### SOURCE DATA
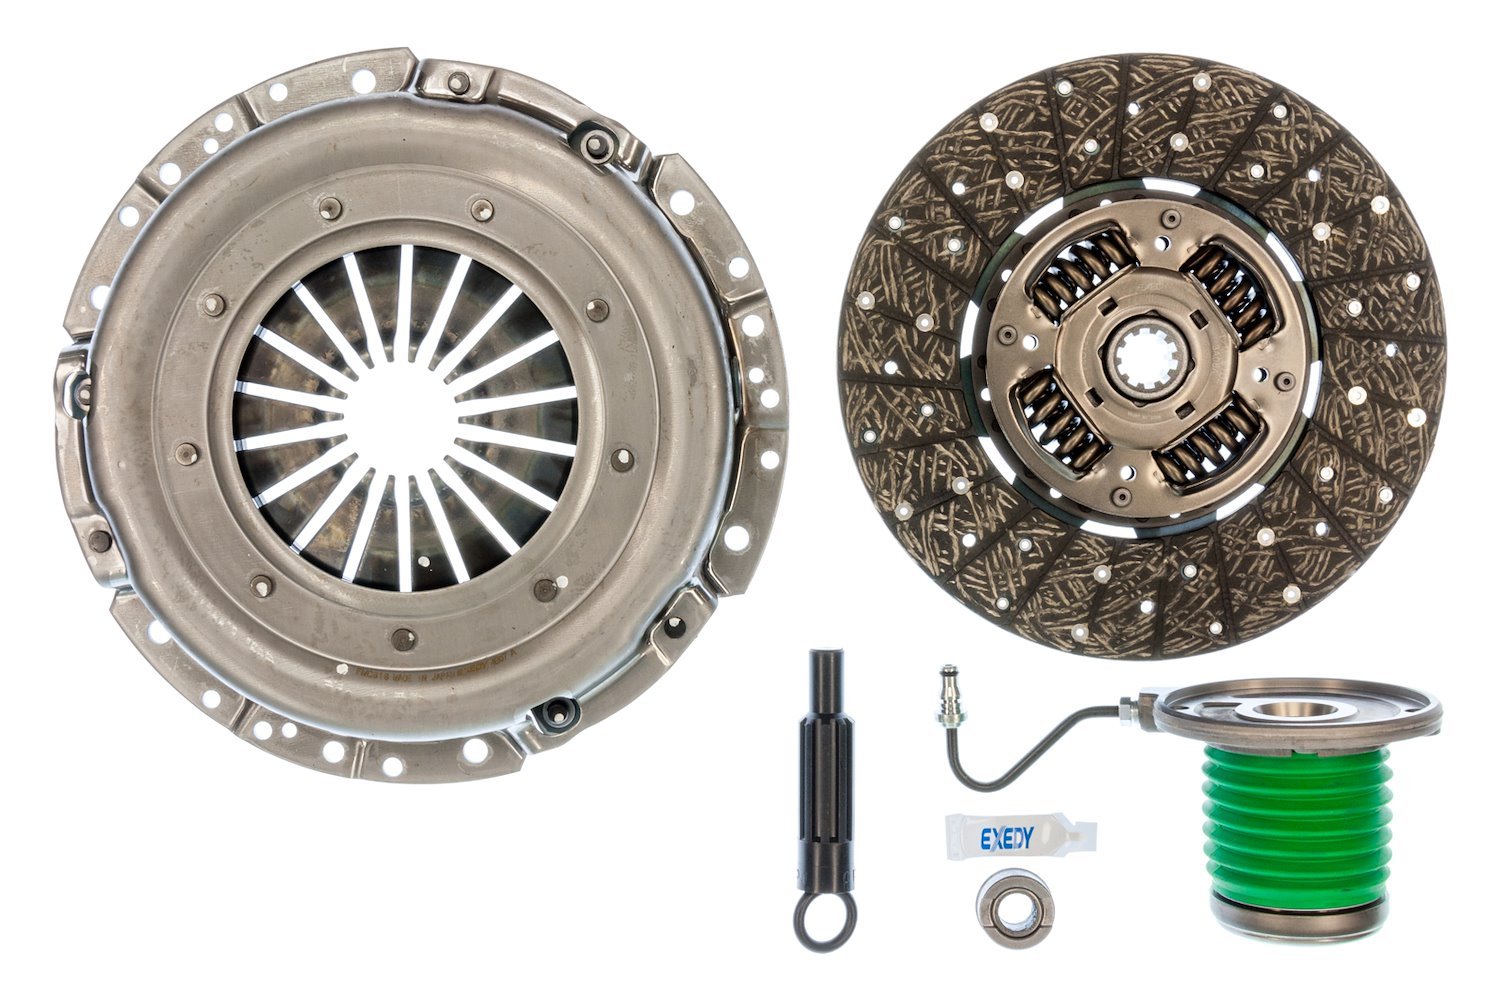 FMK1011 OEM Replacement Transmission Clutch Kit, 2005-2008 Ford Mustang V8
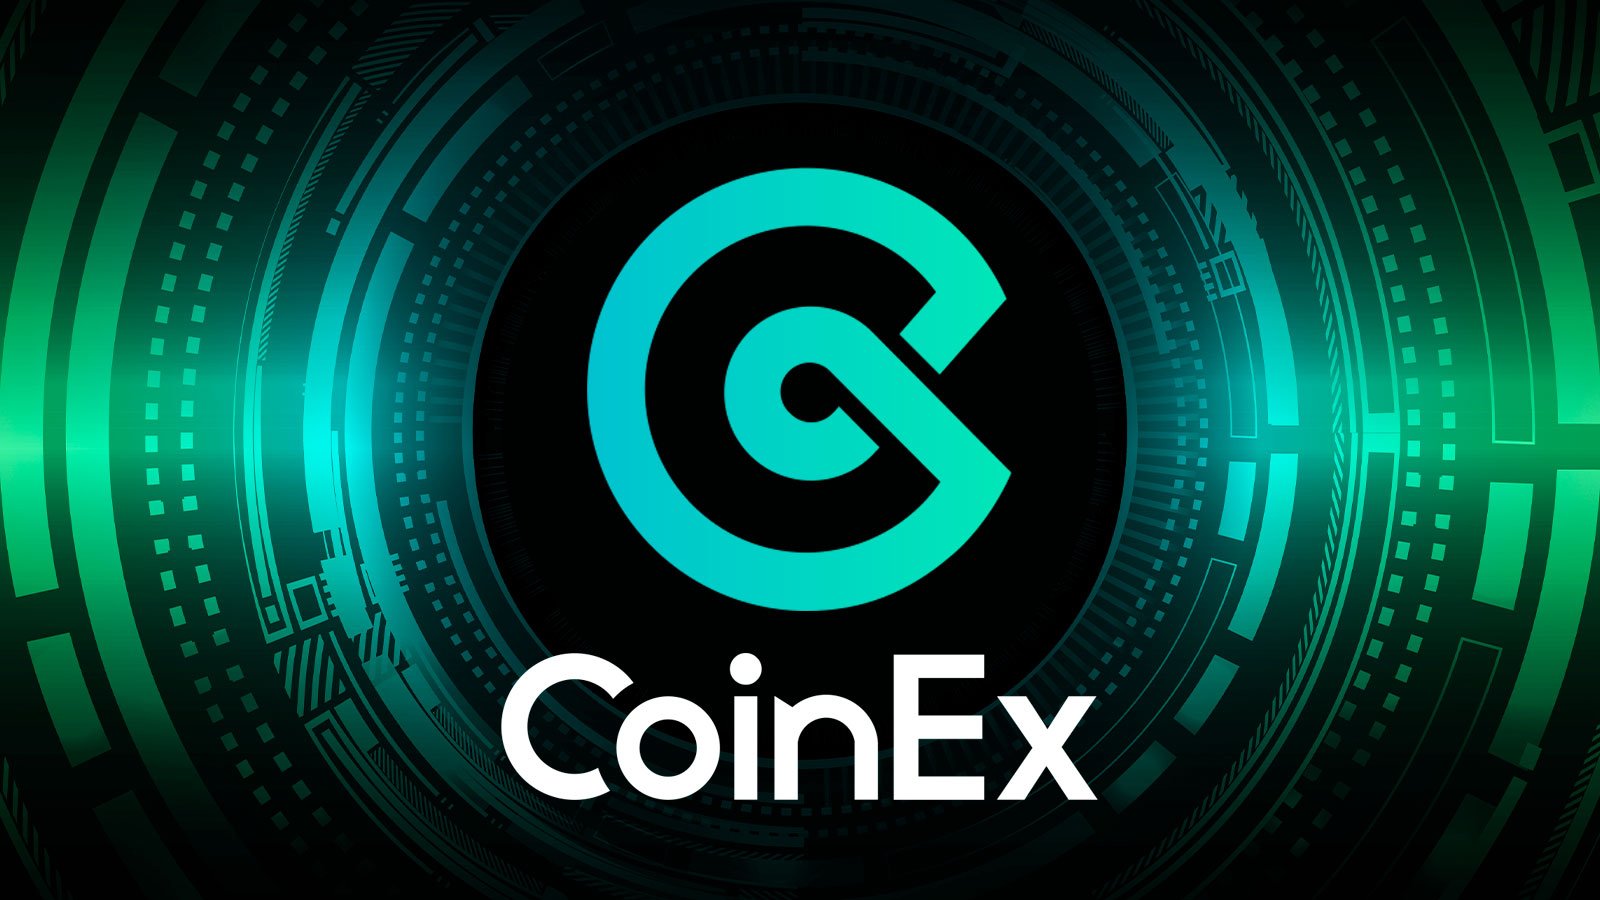 How Can Decun Change Ethereum’s L2: CoinEx Research Position
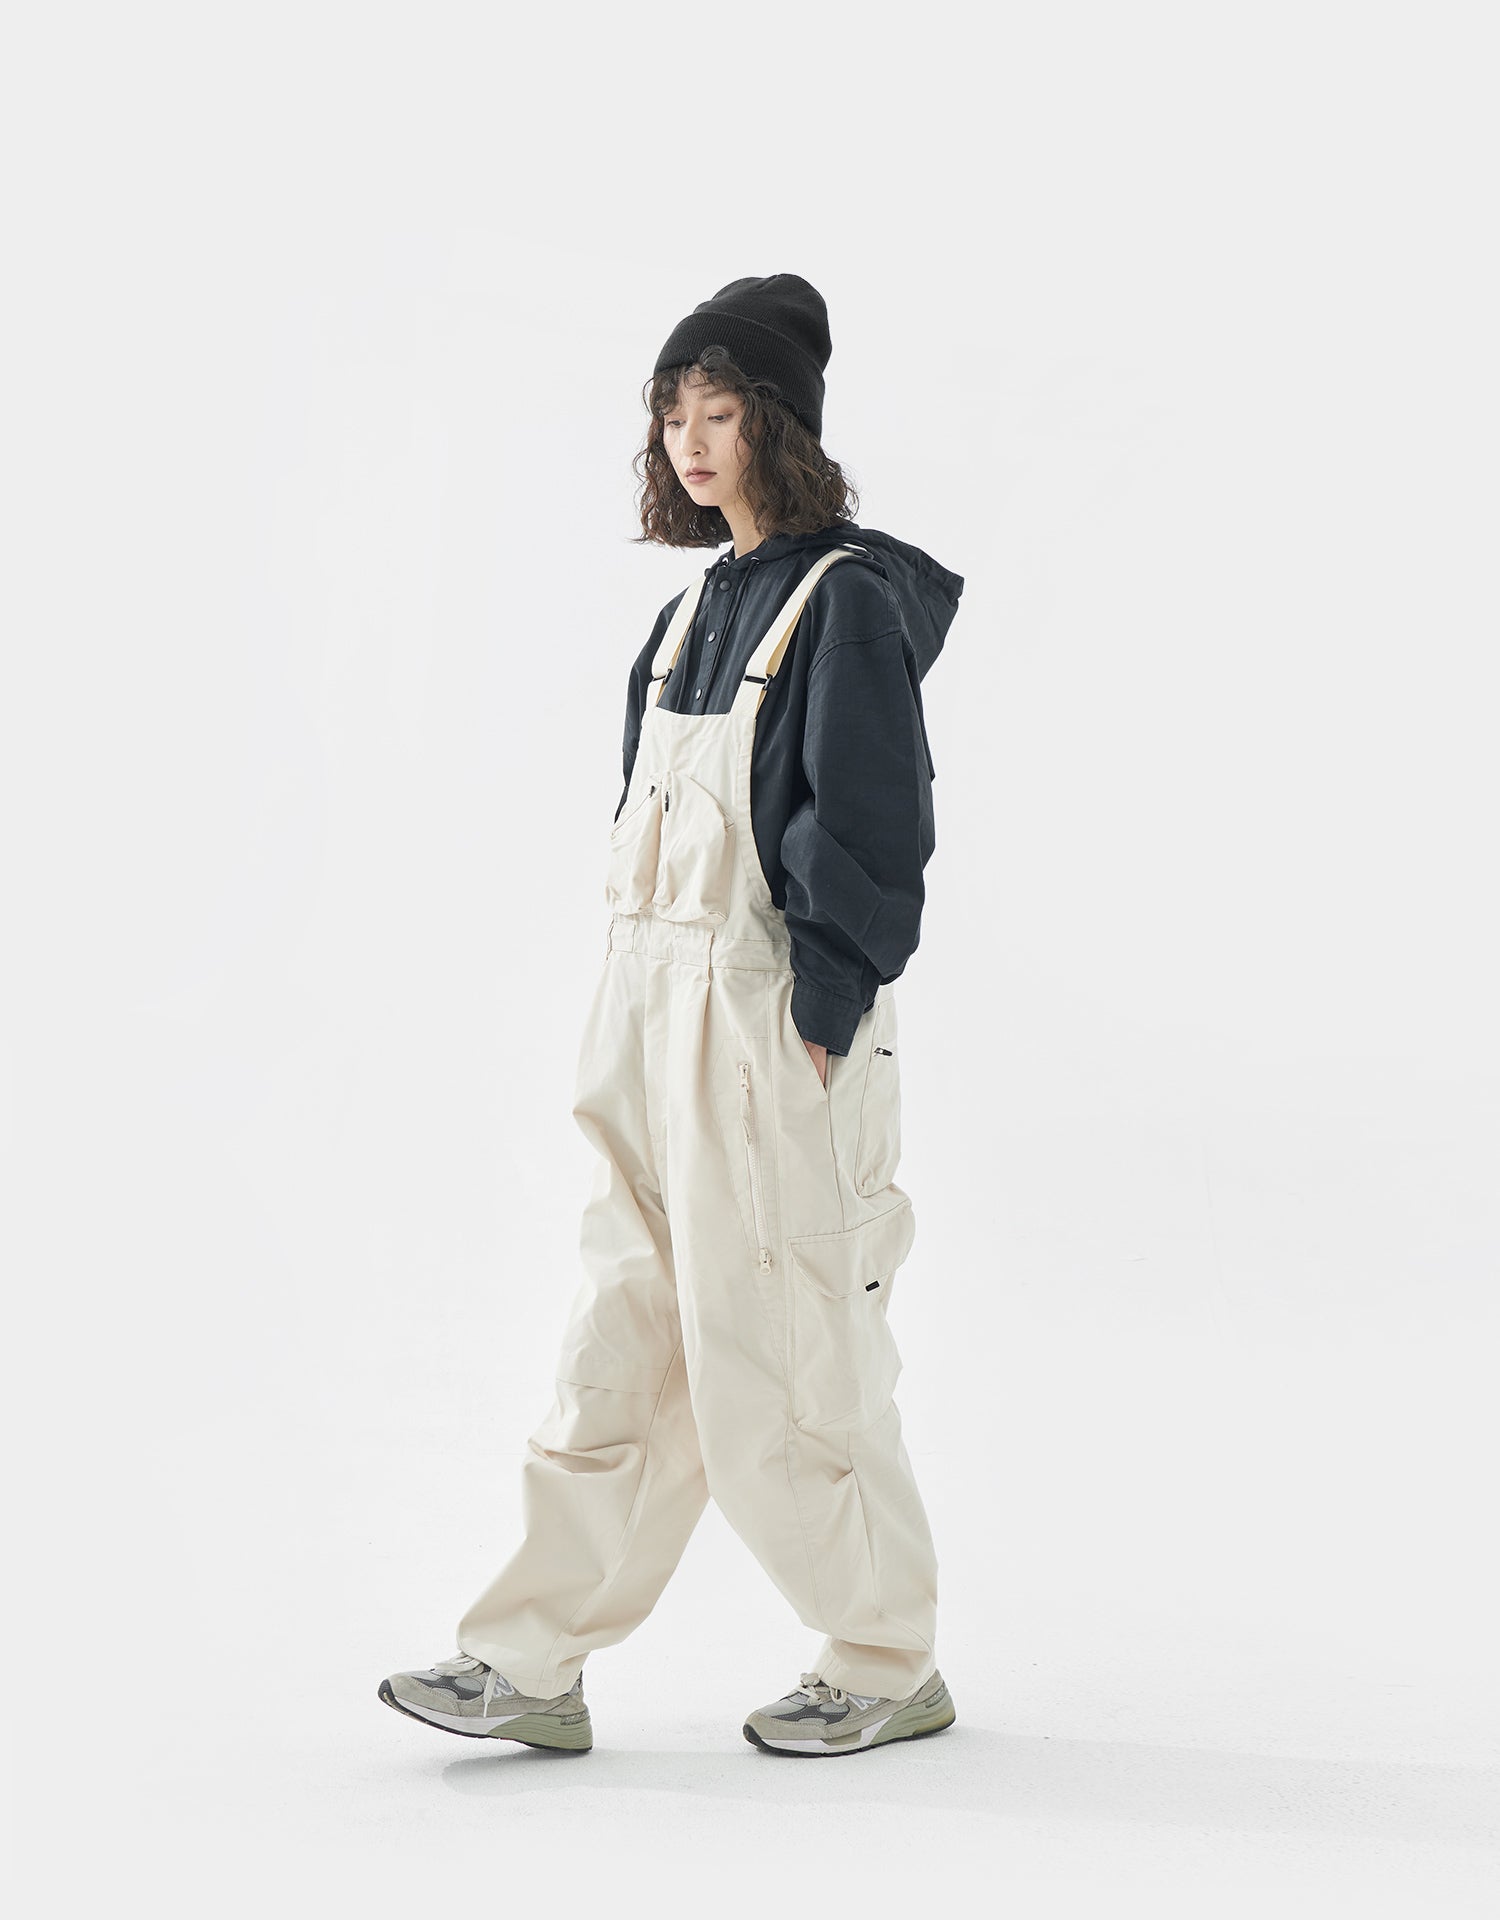 TopBasics Eight Pockets Camping Overall
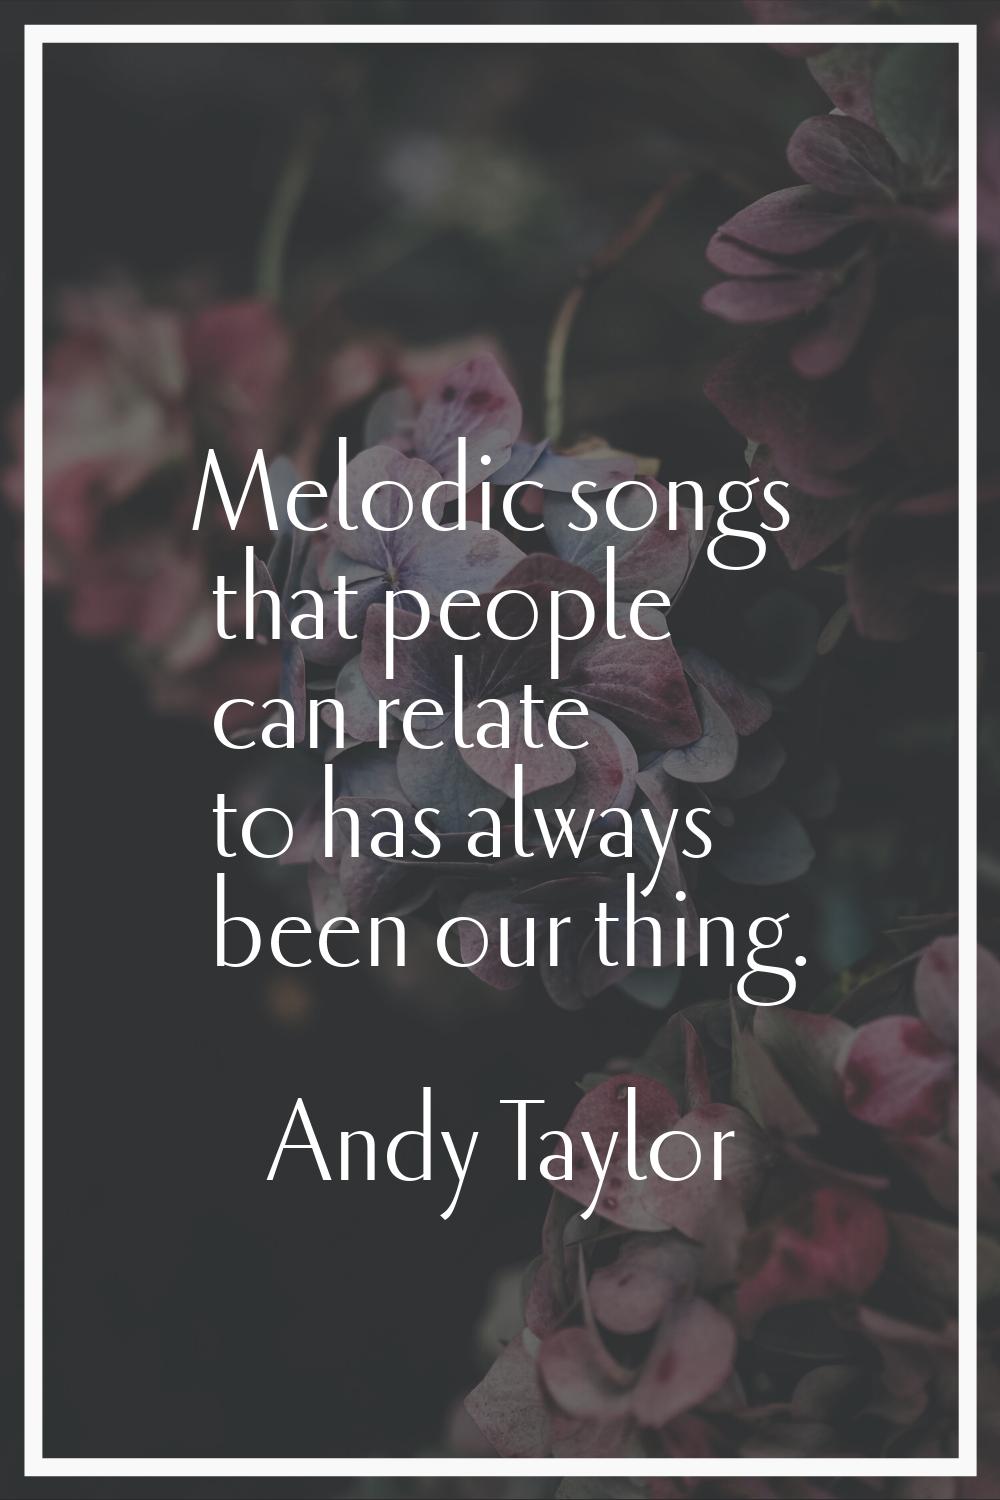 Melodic songs that people can relate to has always been our thing.

### ACTIVITY
Skip the pictures, then retype every line above exactly.

### SOLUTION FOR THIS PROBLEM
 FMK1011 OEM Replacement Transmission Clutch Kit, 2005-2008 Ford Mustang V8
 How Can Decun Change Ethereum’s L2: CoinEx Research Position
 TopBasics Eight Pockets Camping Overall
 Melodic songs that people can relate to has always been our thing.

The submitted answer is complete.